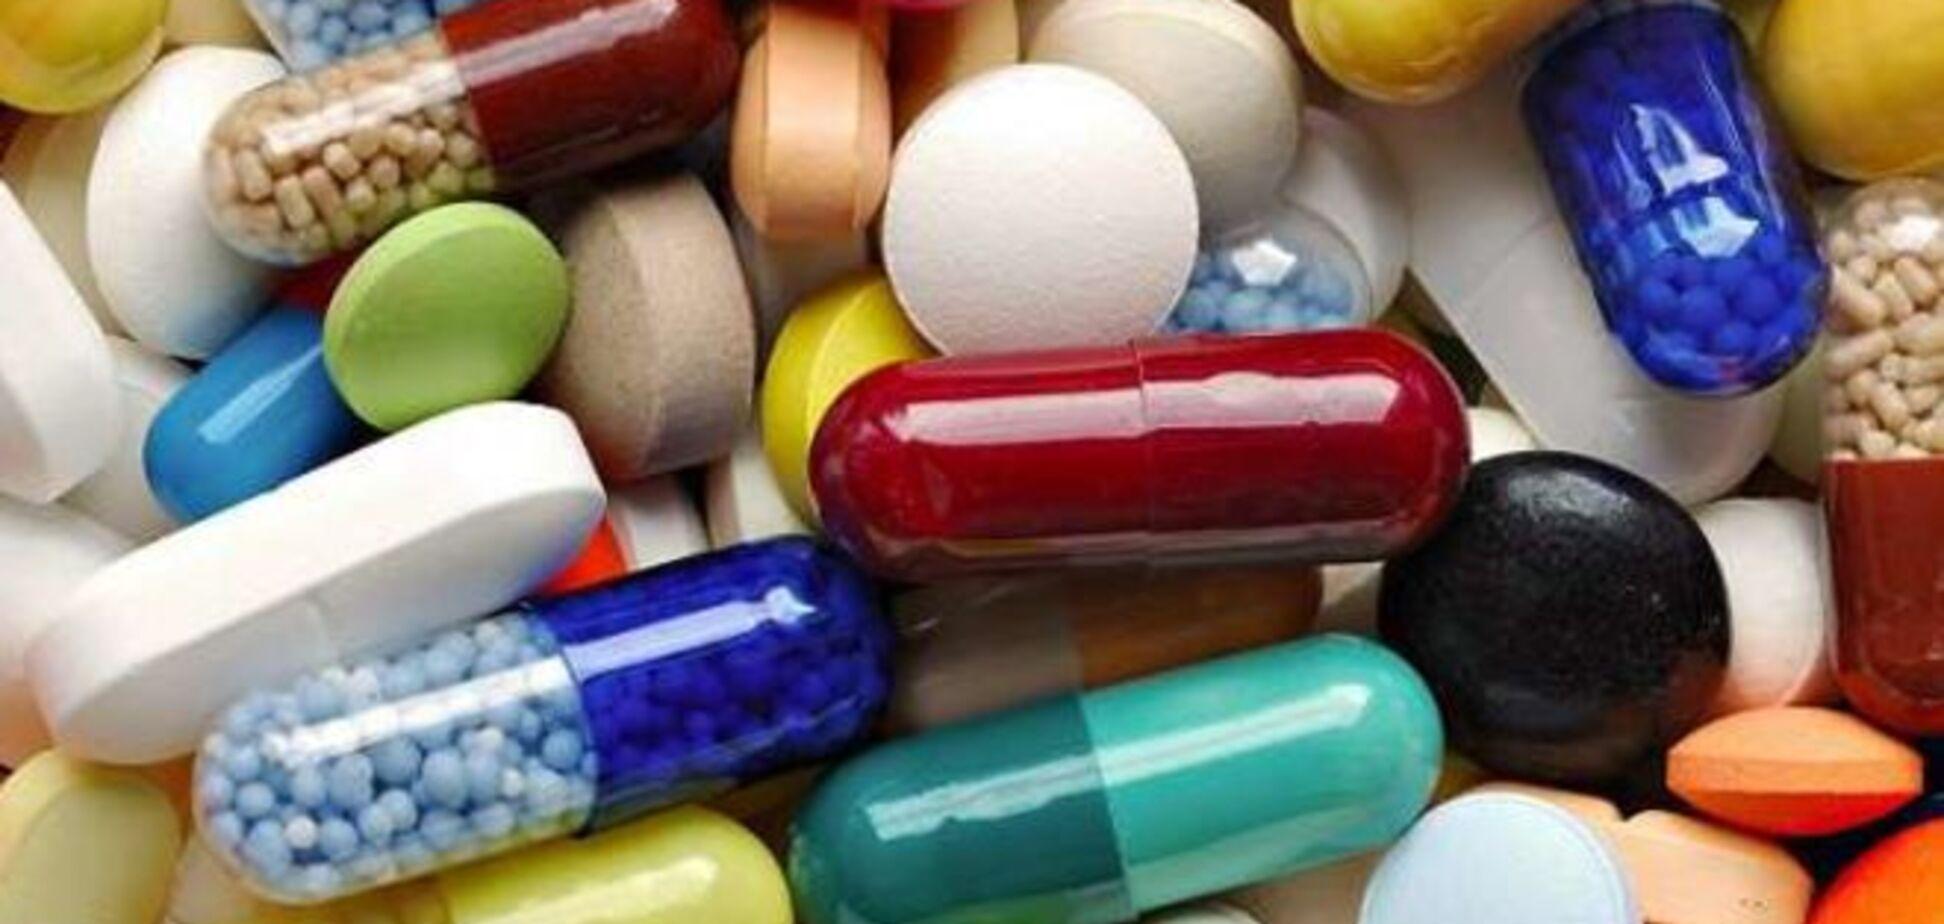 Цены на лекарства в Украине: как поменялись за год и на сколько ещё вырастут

-------------------------

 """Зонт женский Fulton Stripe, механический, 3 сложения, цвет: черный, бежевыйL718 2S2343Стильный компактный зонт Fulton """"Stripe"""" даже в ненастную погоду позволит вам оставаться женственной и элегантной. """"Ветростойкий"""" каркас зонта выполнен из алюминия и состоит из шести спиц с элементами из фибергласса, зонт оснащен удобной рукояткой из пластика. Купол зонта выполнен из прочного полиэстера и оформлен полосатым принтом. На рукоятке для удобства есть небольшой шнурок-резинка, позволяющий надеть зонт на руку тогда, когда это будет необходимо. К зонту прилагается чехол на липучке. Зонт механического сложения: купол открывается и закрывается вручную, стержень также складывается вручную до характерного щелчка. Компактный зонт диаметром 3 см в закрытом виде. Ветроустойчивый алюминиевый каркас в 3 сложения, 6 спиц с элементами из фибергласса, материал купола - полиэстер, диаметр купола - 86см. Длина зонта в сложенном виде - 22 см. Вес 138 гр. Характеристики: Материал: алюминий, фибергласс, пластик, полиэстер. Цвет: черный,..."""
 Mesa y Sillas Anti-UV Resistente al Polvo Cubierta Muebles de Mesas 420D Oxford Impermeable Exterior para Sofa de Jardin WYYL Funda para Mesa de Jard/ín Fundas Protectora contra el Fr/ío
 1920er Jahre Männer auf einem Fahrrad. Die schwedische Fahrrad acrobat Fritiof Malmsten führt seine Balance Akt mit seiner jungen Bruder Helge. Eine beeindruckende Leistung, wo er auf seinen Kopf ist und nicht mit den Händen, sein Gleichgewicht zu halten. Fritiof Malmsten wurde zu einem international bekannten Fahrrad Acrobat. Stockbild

-------------------------

:: Task to carry out ::
Within the data above, the span starting at the line containing "Mesa y Sillas" and ending at the line containing "1920er Jahre Männer" is to be retyped exactly, with no other lines.

:: Response to this exercise ::
 Mesa y Sillas Anti-UV Resistente al Polvo Cubierta Muebles de Mesas 420D Oxford Impermeable Exterior para Sofa de Jardin WYYL Funda para Mesa de Jard/ín Fundas Protectora contra el Fr/ío
 1920er Jahre Männer auf einem Fahrrad. Die schwedische Fahrrad acrobat Fritiof Malmsten führt seine Balance Akt mit seiner jungen Bruder Helge. Eine beeindruckende Leistung, wo er auf seinen Kopf ist und nicht mit den Händen, sein Gleichgewicht zu halten. Fritiof Malmsten wurde zu einem international bekannten Fahrrad Acrobat. Stockbild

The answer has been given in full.